On a UEFI system, you might see paths more like the following for the above
devices:
PciRoot(0x1)/Pci(0x1,0x1)/Pci(0x0,0x0)
PciRoot(0x1)/Pci(0x1,0x1)/Pci(0x1,0x0)
PciRoot(0x1)/Pci(0x1,0x1)/Pci(0x2,0x0)
PciRoot(0x1)/Pci(0x1,0x1)/Pci(0x3,0x0)
PciRoot(0x2)/Pci(0x1,0x3)/Pci(0x0,0x0)/Pci(0x0,0x0)/Pci(0x0,0x0)
PciRoot(0x2)/Pci(0x1,0x3)/Pci(0x0,0x0)/Pci(0x1,0x0)/Pci(0x0,0x0)
PciRoot(0x2)/Pci(0x1,0x3)/Pci(0x0,0x0)/Pci(0x2,0x0)/Pci(0x0,0x0)
PciRoot(0x2)/Pci(0x1,0x3)/Pci(0x0,0x0)/Pci(0x3,0x0)/Pci(0x0,0x0)
and if the first carrier card goes away, the path to the second one is
still the same. So one way out of this issue is to change the numbering to
be something more like:
hint.nvme.0.at="uefi:PciRoot(0x1)/Pci(0x1,0x1)/Pci(0x0,0x0)"
hint.nvme.4.at="uefi:PciRoot(0x1)/Pci(0x1,0x1)/Pci(0x1,0x0)"
hint.nvme.2.at="uefi:PciRoot(0x1)/Pci(0x1,0x1)/Pci(0x2,0x0)"
hint.nvme.3.at="uefi:PciRoot(0x1)/Pci(0x1,0x1)/Pci(0x3,0x0)"
hint.nvme.1.at
="uefi:PciRoot(0x2)/Pci(0x1,0x3)/Pci(0x0,0x0)/Pci(0x0,0x0)/Pci(0x0,0x0)"
hint.nvme.5.at
="uefi:PciRoot(0x2)/Pci(0x1,0x3)/Pci(0x0,0x0)/Pci(0x1,0x0)/Pci(0x0,0x0)"
hint.nvme.6.at
="uefi:PciRoot(0x2)/Pci(0x1,0x3)/Pci(0x0,0x0)/Pci(0x2,0x0)/Pci(0x0,0x0)"
hint.nvme.7.at
="uefi:PciRoot(0x2)/Pci(0x1,0x3)/Pci(0x0,0x0)/Pci(0x3,0x0)/Pci(0x0,0x0)"
which would solve the problem nicely (of course with a special case for
paths starting with "pci" for those use cases where that might still make
sense).
I've started work on implementing this for PCI. And am looking for feedback
before I get too far down that path.
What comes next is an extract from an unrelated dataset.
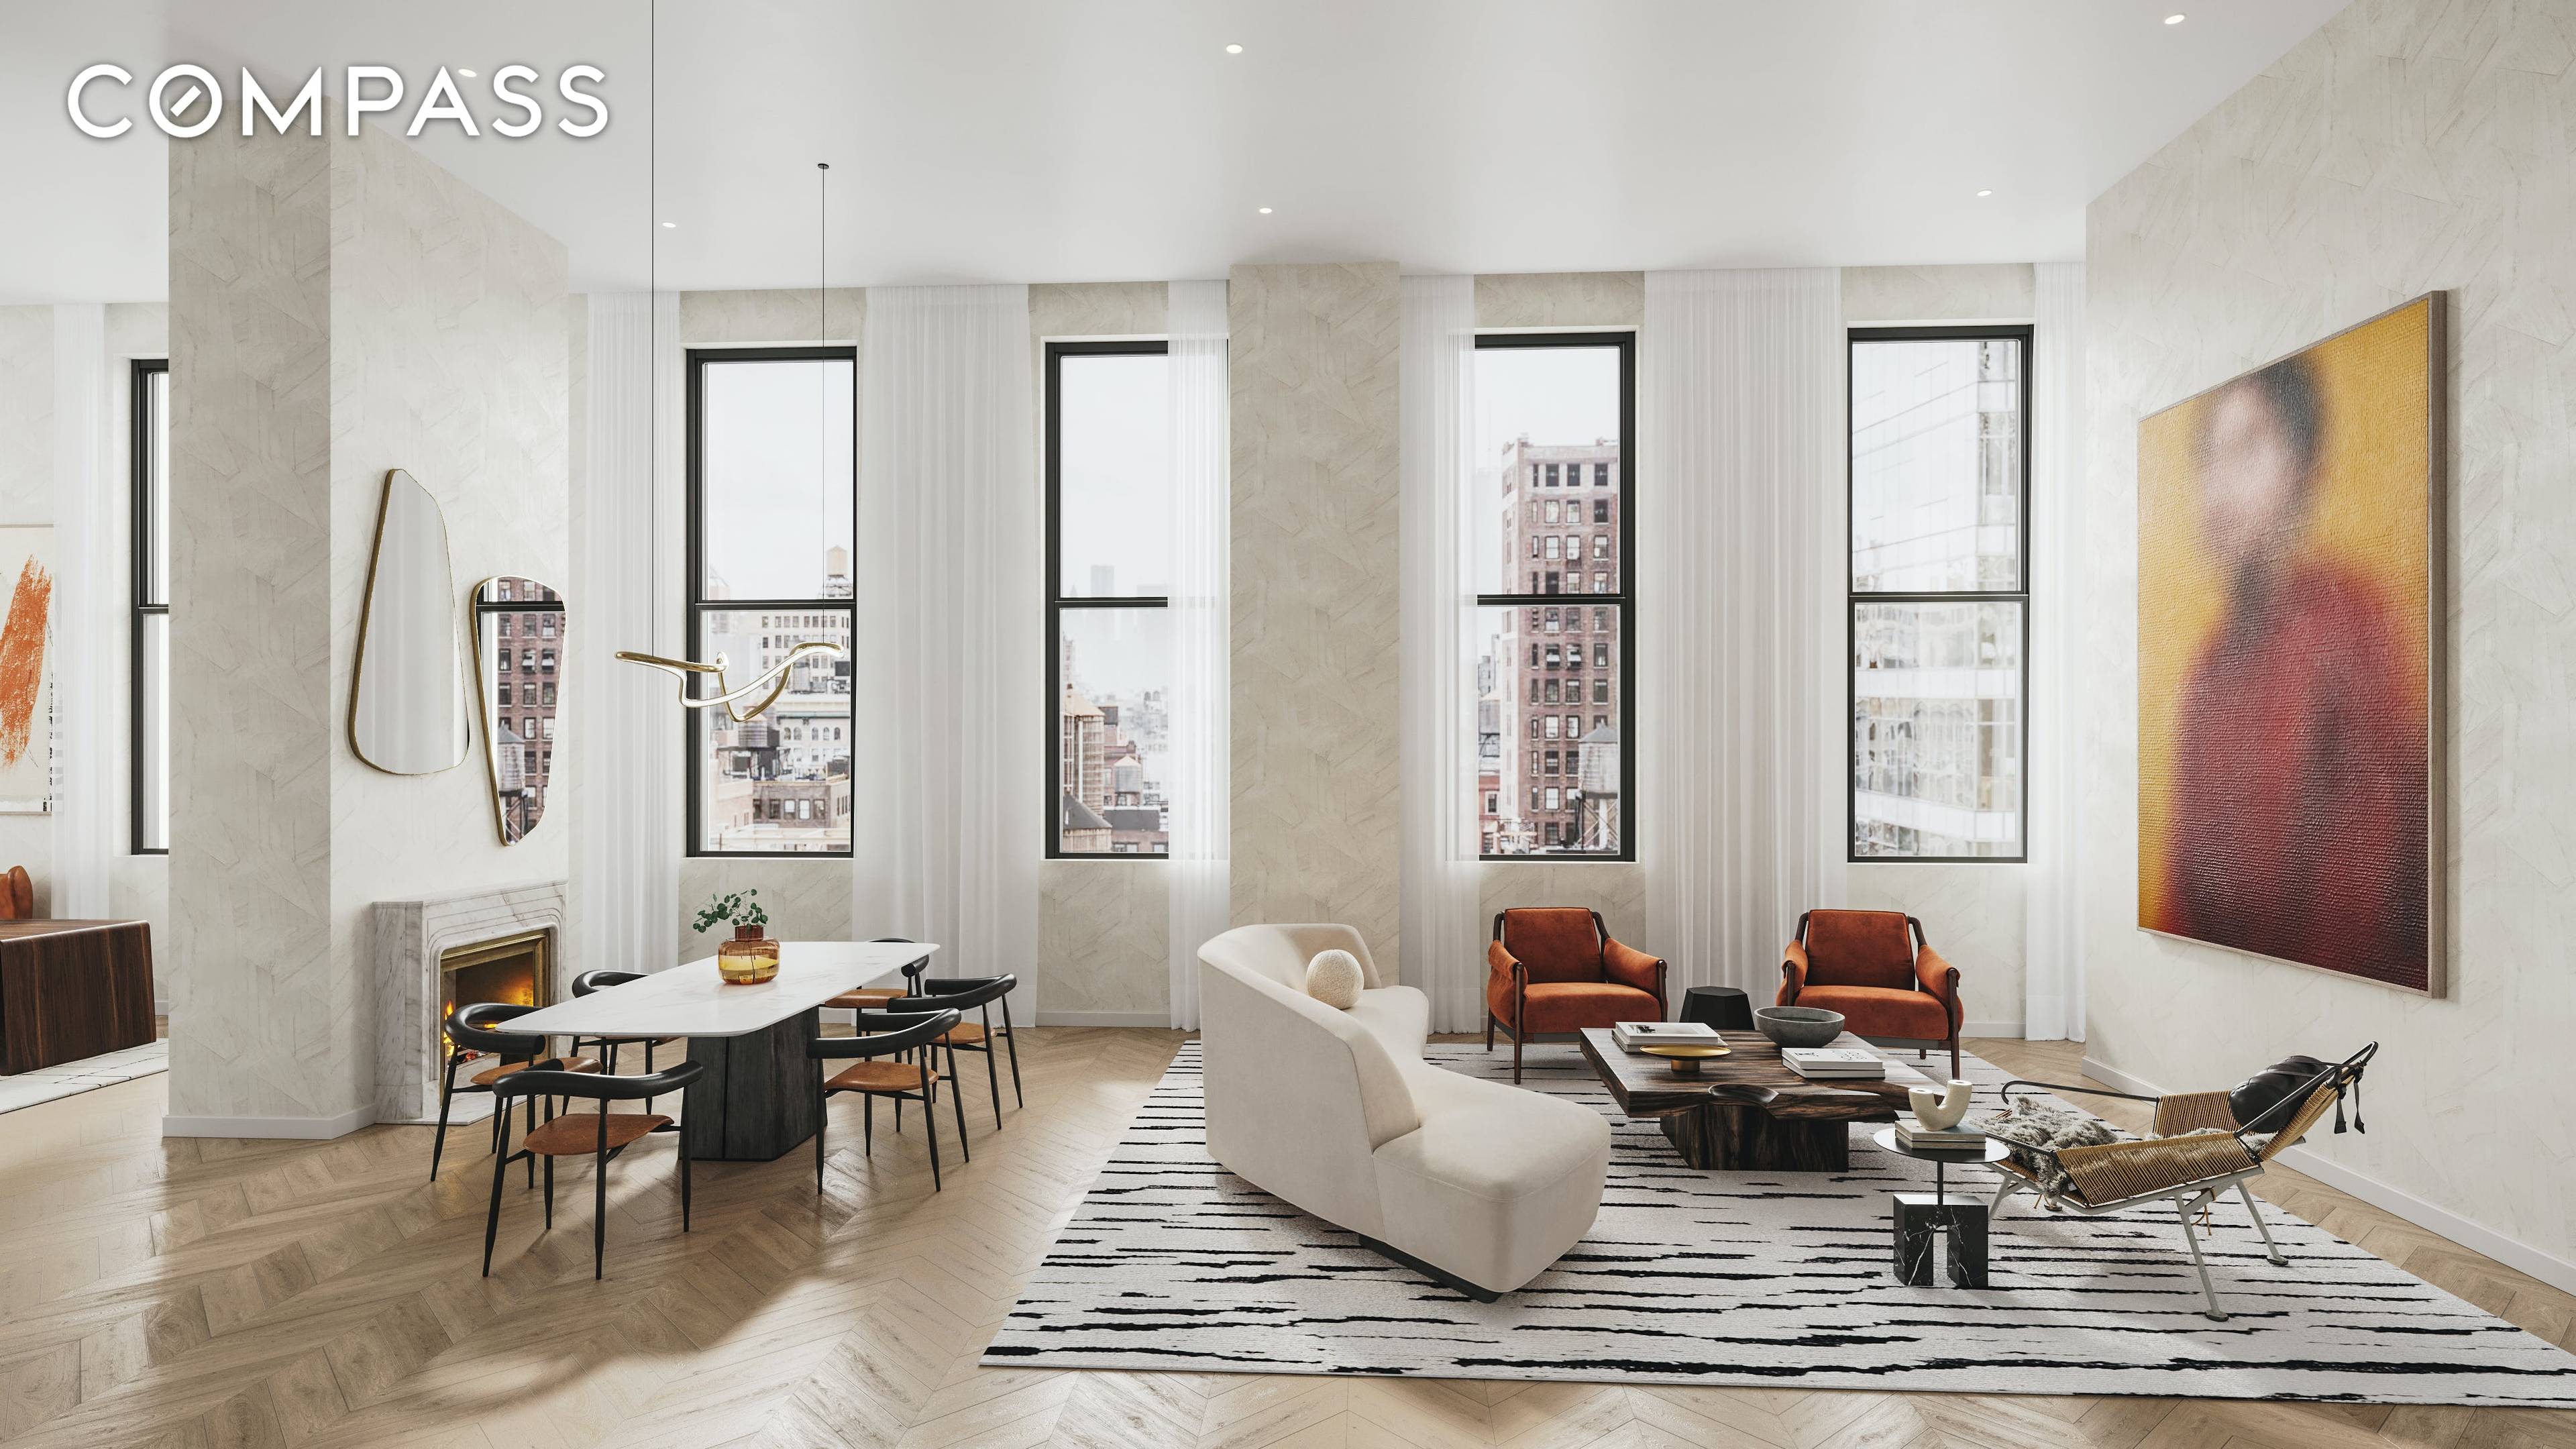 A once in a lifetime opportunity to create a trophy penthouse in the Greenwich Village Soho neighborhood.

I plan on making these case
insensitive because different UEFI tools produce paths rendered differently.
One could take this further, of course. The full UEFI path to the a
partition on one of these devices is:
PciRoot(0x2)/Pci(0x1,0x3)/Pci(0x0,0x0)/Pci(0x3,0x0)/Pci(0x0,0x0)/NVMe(0x1,A2-19-48-44-8B-44-1B-00)/HD(9,GPT,0F8518D9-2DE5-11E8-B5F1-3CFDFE9D5250,0x430,0x19000)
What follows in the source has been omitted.